Decentralized applications often face challenges related to high transaction costs, limited throughput, and latency when interactions occur entirely onchain. OIP addresses these issues through a hybrid approach, combining persistent and verifiable onchain smart contracts with high-performance offchain messaging and data storage. This design ensures critical states like identity and authorization remain secure and immutable onchain, while offchain operations efficiently handle high-frequency interactions, significantly reducing costs, latency, and network congestion.

Smart Contracts

The onchain portion of the Open Internet Protocol consists of modular Ethereum Virtual Machine (EVM)-compatible smart contracts.
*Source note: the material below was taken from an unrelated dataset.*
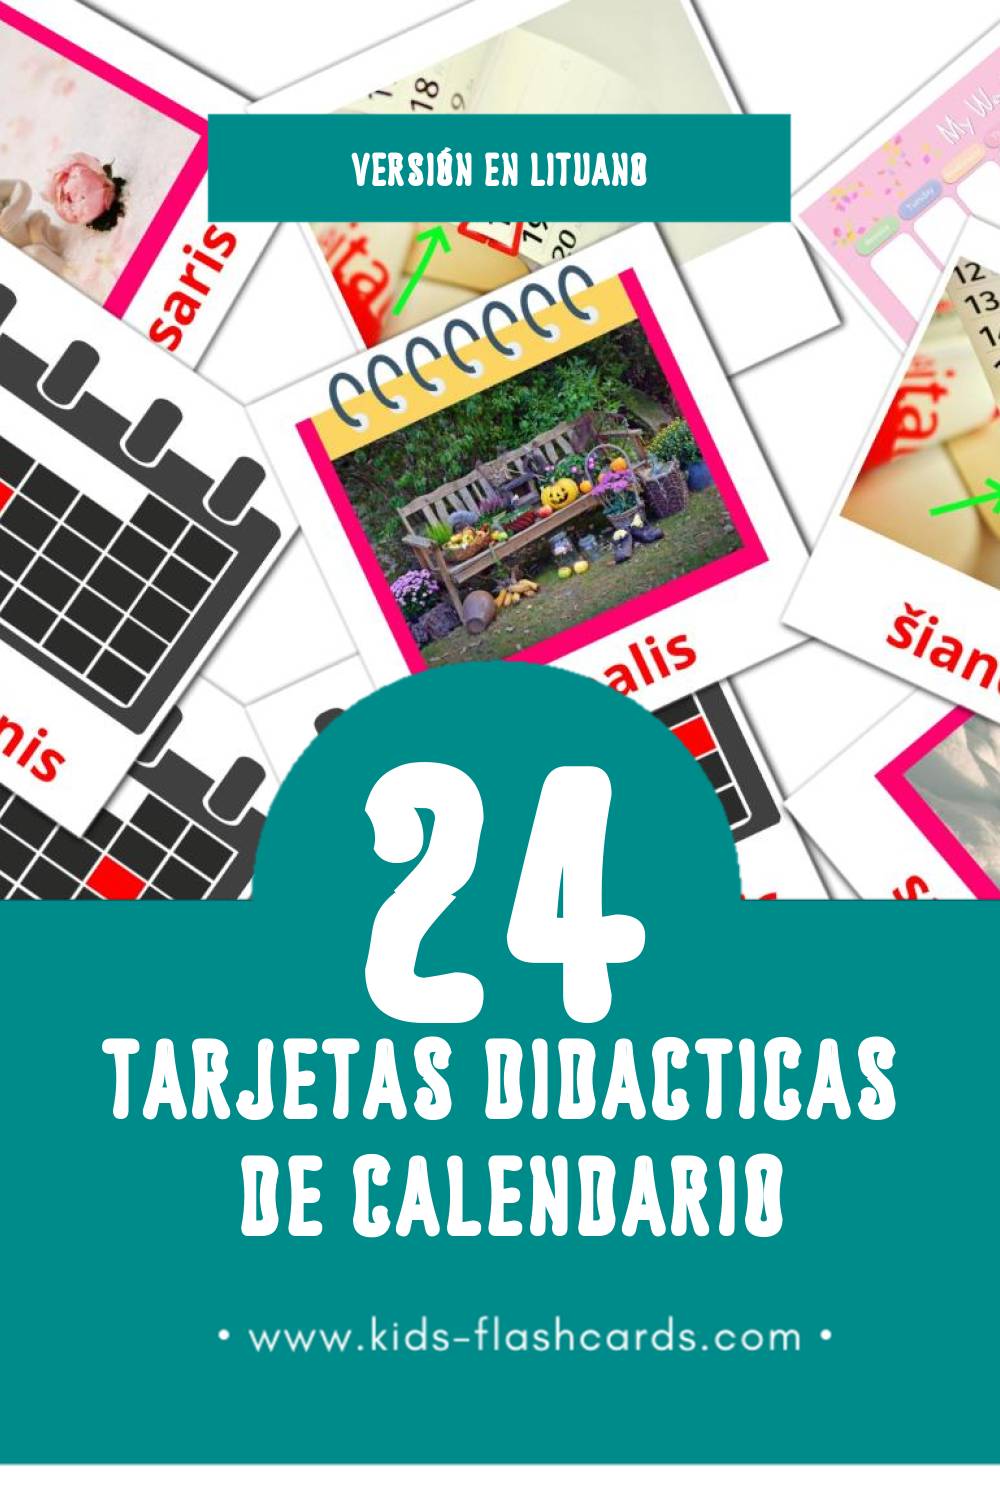 Tarjetas visuales de Kalendorius para niños pequeños (24 tarjetas en Lituano)

These contracts provide:

  • App Definitions: Clear definitions and standards for applications registered on OIP through the OIPAppRegistry.
  • Identity Management: Persistent, interoperable, human-readable identities managed via the OIPIdRegistry and OIPNameRegistry contracts.
  • Access Control: Secure delegation and fine-grained access control mechanisms enabled by the OIPAccessRegistry.
  • Node Management: Registration and verification of edge and relay nodes via the OIPNodeRegistry.

Smart contracts ensure persistent data management, essential for identity and authorization states, due to the transient nature of offchain relay nodes.

Nodes

In short

OIP offchain operations extend Waku, utilizing relay and edge nodes:

  • Relay Nodes: These facilitate efficient message propagation without relying on the blockchain for high-frequency data operations.
  • Edge Nodes: Operated by network participants—or in other words: users of apps built on OIP—edge nodes cache and provide data locally, significantly increasing data availability and resilience. Edge nodes also periodically provide cryptographic proofs, confirming data integrity and availability.